PSA: base::StringPiece is now std::string_view

283 views
Skip to first unread message

David Benjamin

unread,
Jul 17, 2023, 5:12:03 PM7/17/23
to Chromium-dev, cxx, Dana Jansens, Daniel Cheng

Hi all,


We recently landed https://crrev.com/1161510 and https://crrev.com/1166103, which makes base::StringPiece into a type alias for std::string_view and allows std::string_view. Please feel free to start writing std::string_view instead in new code.


If you need to use operator<< with the u16string or wstring variants, you will need to include "base/strings/utf_ostream_operators.h", or simply include "base/strings/utf_string_conversions.h" and call base::UTF16ToUTF8 and base::WideToUTF8 explicitly. (These operators previously lived in a combination of "base/string_piece.h" and "base/logging.h".)


std::string_view (and types that convert to std::string_view) integrate better with std::string. This should reduce the need to decompose a std::string_view into data() and size(), which loses bounds checks.


Finally, as a reminder, whether it's base::StringPiece or std::string_view, never pass a view type's data() into a function that expects a NUL-terminated C string! StringPiece/string_view is not guaranteed to be NUL-terminated, so this is a buffer overflow. Always use data() and size() in pairs or, better yet, make the functions take a string_view directly.


A handy cheat sheet:


#include "base/string_piece.h" => #include <string_view>

#include "base/string_piece_forward.h" => #include <string_view>


base::StringPiece => std::string_view

base::StringPiece16 => std::u16string_view

base::WStringPiece => std::wstring_view


str.assign(view.data(), view.size()); => str.assign(view); or str = view;

str.append(view.data(), view.size()); => str.append(view); or str += view;


std::string str(view.data(), view.size()); => std::string str(view);

std::string str(view.data()); => Never do this! Use the above instead.


We don't have a concrete plan yet to migrate existing code, but that would be a good clean-up opportunity.


David

Greg Thompson

unread,
Jul 18, 2023, 7:12:36 AM7/18/23
to David Benjamin, Chromium-dev, cxx, Dana Jansens, Daniel Cheng
On Mon, Jul 17, 2023 at 11:12 PM David Benjamin <davi...@chromium.org> wrote:

Hi all,


We recently landed https://crrev.com/1161510 and https://crrev.com/1166103, which makes base::StringPiece into a type alias for std::string_view and allows std::string_view. Please feel free to start writing std::string_view instead in new code.


If you need to use operator<< with the u16string or wstring variants, you will need to include "base/strings/utf_ostream_operators.h", or simply include "base/strings/utf_string_conversions.h" and call base::UTF16ToUTF8 and base::WideToUTF8 explicitly. (These operators previously lived in a combination of "base/string_piece.h" and "base/logging.h".)

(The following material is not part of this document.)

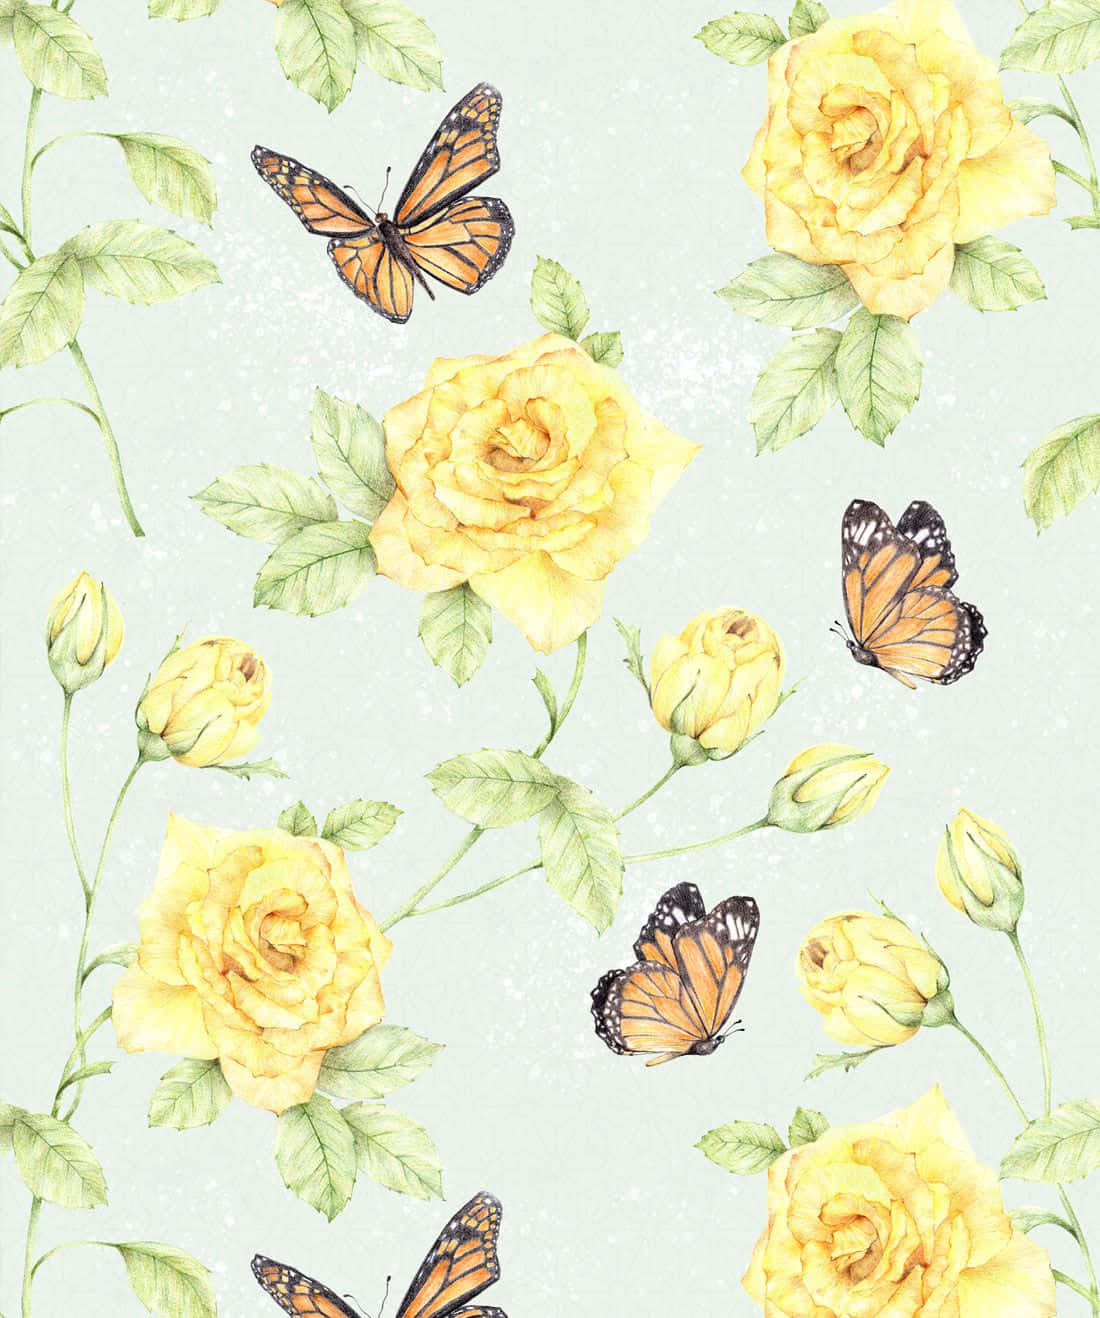 "A Monarch Butterfly resting on a flower in full bloom"

std::string_view (and types that convert to std::string_view) integrate better with std::string. This should reduce the need to decompose a std::string_view into data() and size(), which loses bounds checks.


Finally, as a reminder, whether it's base::StringPiece or std::string_view, never pass a view type's data() into a function that expects a NUL-terminated C string!

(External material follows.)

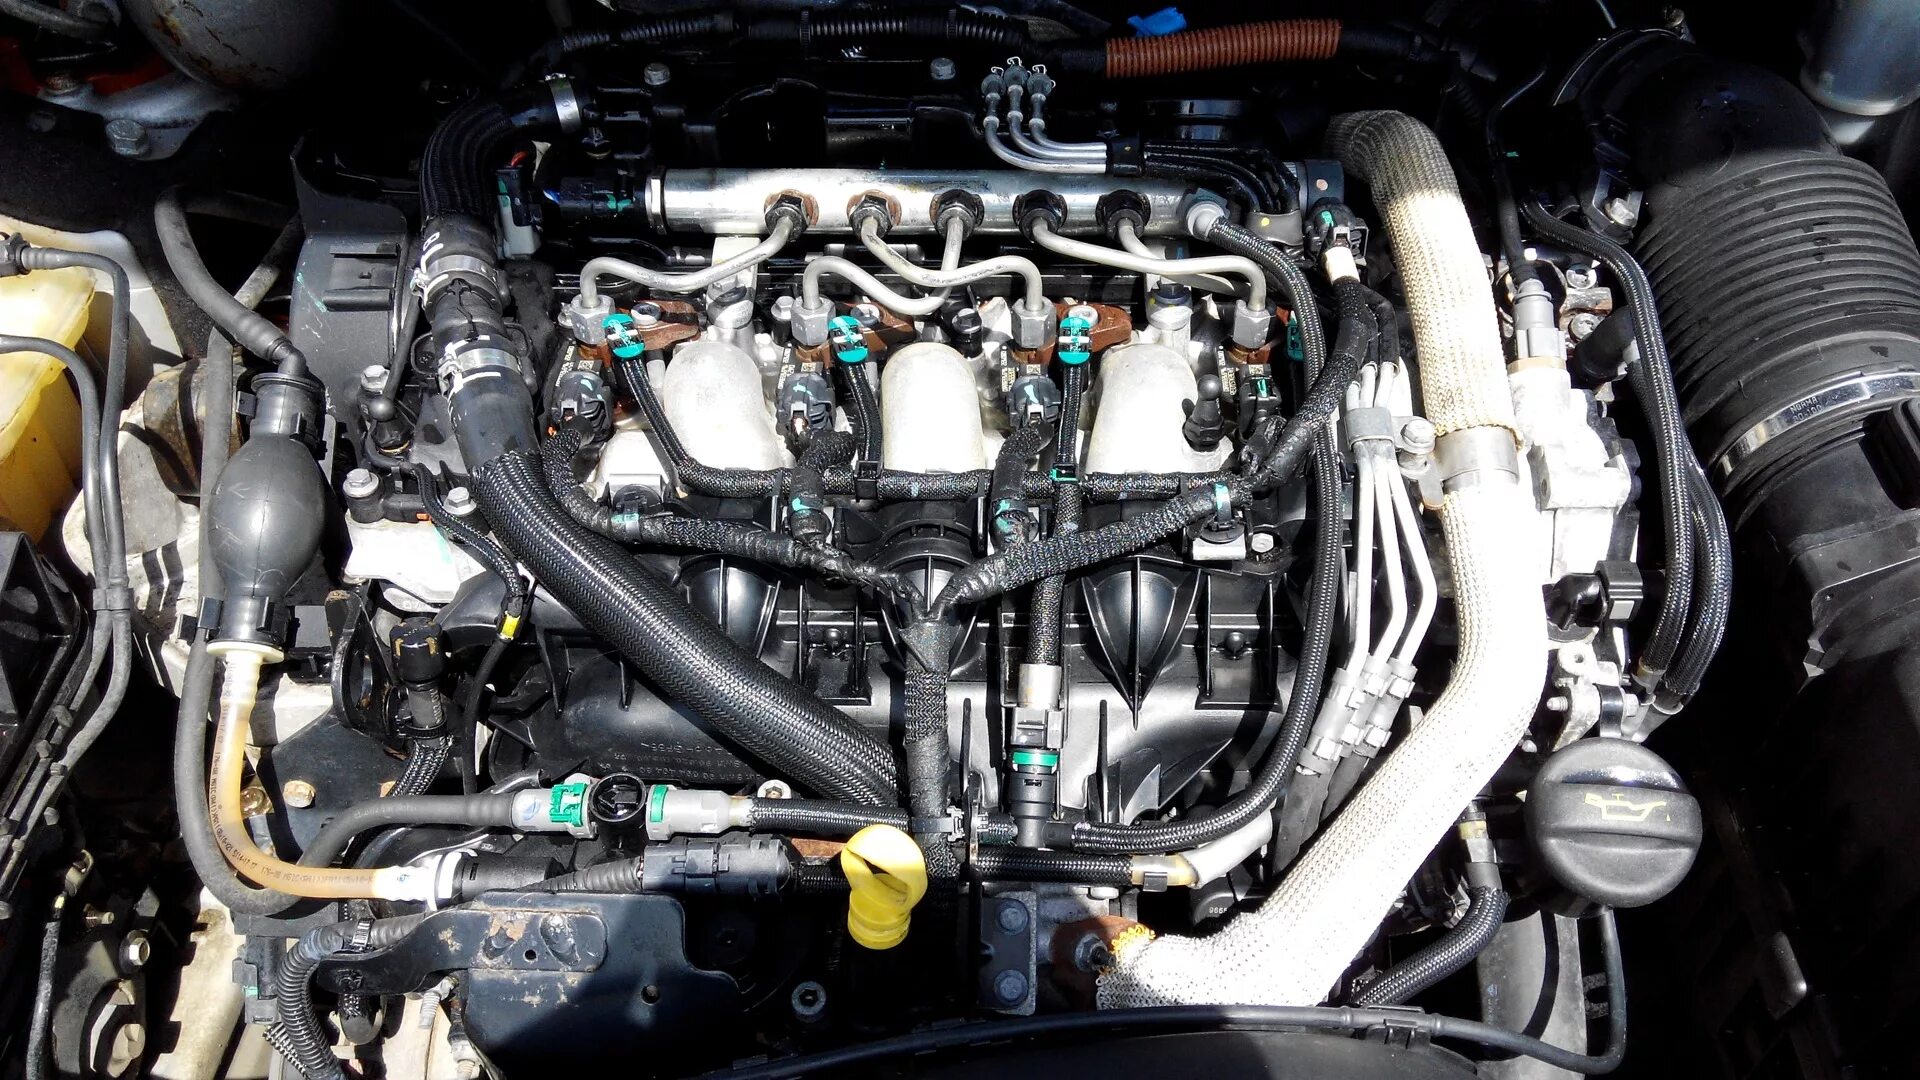 2.5 л 170 л с. Citroen c5 2.2 HDI. Citroen c5 дизель. 2.2 HDI 204. Двигатель HDI 2.2 дизель.

Does that apply to cases where you're certain that the piece/view was constructed from a string literal? Here's a totally contrived example:

std::string SayHiToMom() {
  static constexpr std::string_view kFormat("hi %s\n");
  return base::Stringprintf(kFormat.data(), "mom");
}

 
Yes, that's totally contrived, but I think I've seen cases where we have pieces constructed from literals where we rely on them being terminated. Is that not okay?

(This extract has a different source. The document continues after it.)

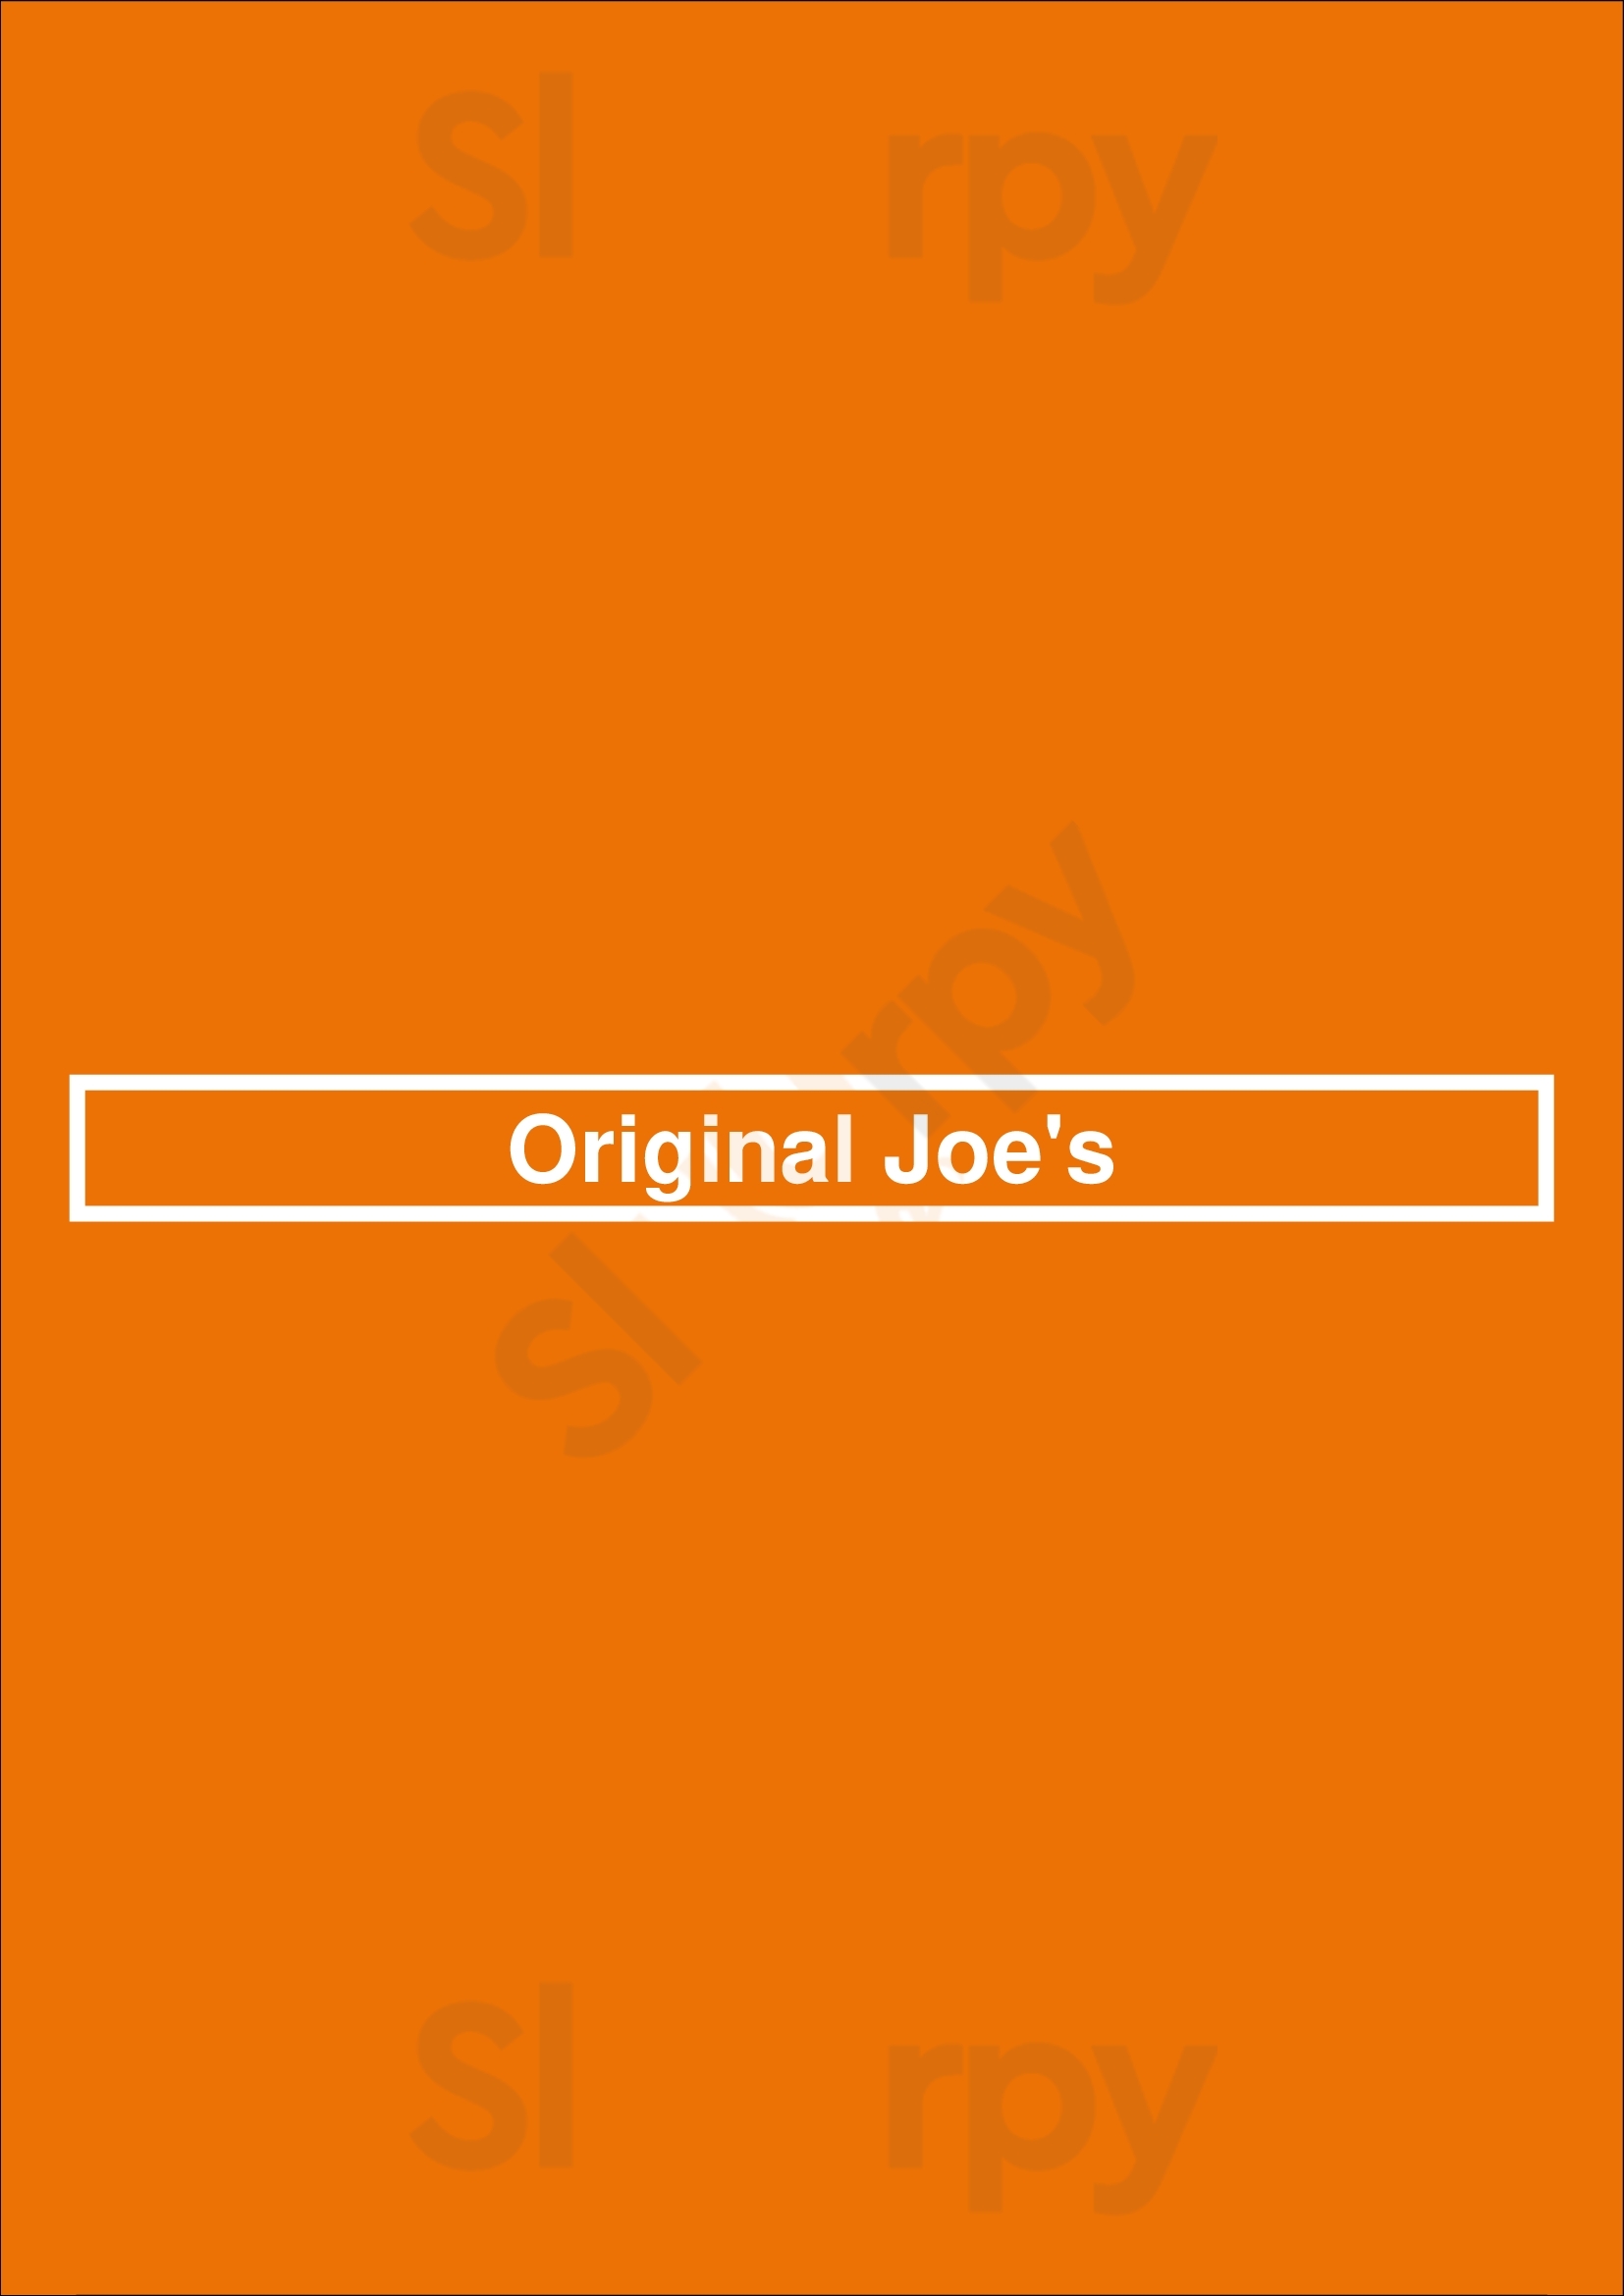 Original Joe's Vancouver Menu - 1

StringPiece/string_view is not guaranteed to be NUL-terminated, so this is a buffer overflow. Always use data() and size() in pairs or, better yet, make the functions take a string_view directly.


A handy cheat sheet:


#include "base/string_piece.h" => #include <string_view>

#include "base/string_piece_forward.h" => #include <string_view>


base::StringPiece => std::string_view

base::StringPiece16 => std::u16string_view

base::WStringPiece => std::wstring_view


str.assign(view.data(), view.size()); => str.assign(view); or str = view;

str.append(view.data(), view.size()); => str.append(view); or str += view;


std::string str(view.data(), view.size()); => std::string str(view);

std::string str(view.data()); => Never do this! Use the above instead.


We don't have a concrete plan yet to migrate existing code, but that would be a good clean-up opportunity.


David

--
You received this message because you are subscribed to the Google Groups "cxx" group.
To unsubscribe from this group and stop receiving emails from it, send an email to cxx+uns...@chromium.org.
To view this discussion on the web visit https://groups.google.com/a/chromium.org/d/msgid/cxx/CAF8qwaAbgQEeui-dZ_rhZtG_ea%3DCeOzN7pPygeZDDzuXhHng%2BQ%40mail.gmail.com.

Dana Jansens

unread,
Jul 18, 2023, 9:02:15 AM7/18/23
to Greg Thompson, David Benjamin, Chromium-dev, cxx, Daniel Cheng
On Tue, Jul 18, 2023 at 7:12 AM Greg Thompson <g...@chromium.org> wrote:
On Mon, Jul 17, 2023 at 11:12 PM David Benjamin <davi...@chromium.org> wrote:

Hi all,


We recently landed https://crrev.com/1161510 and https://crrev.com/1166103, which makes base::StringPiece into a type alias for std::string_view and allows std::string_view. Please feel free to start writing std::string_view instead in new code.


If you need to use operator<< with the u16string or wstring variants, you will need to include "base/strings/utf_ostream_operators.h", or simply include "base/strings/utf_string_conversions.h" and call base::UTF16ToUTF8 and base::WideToUTF8 explicitly. (These operators previously lived in a combination of "base/string_piece.h" and "base/logging.h".)


std::string_view (and types that convert to std::string_view) integrate better with std::string. This should reduce the need to decompose a std::string_view into data() and size(), which loses bounds checks.


Finally, as a reminder, whether it's base::StringPiece or std::string_view, never pass a view type's data() into a function that expects a NUL-terminated C string!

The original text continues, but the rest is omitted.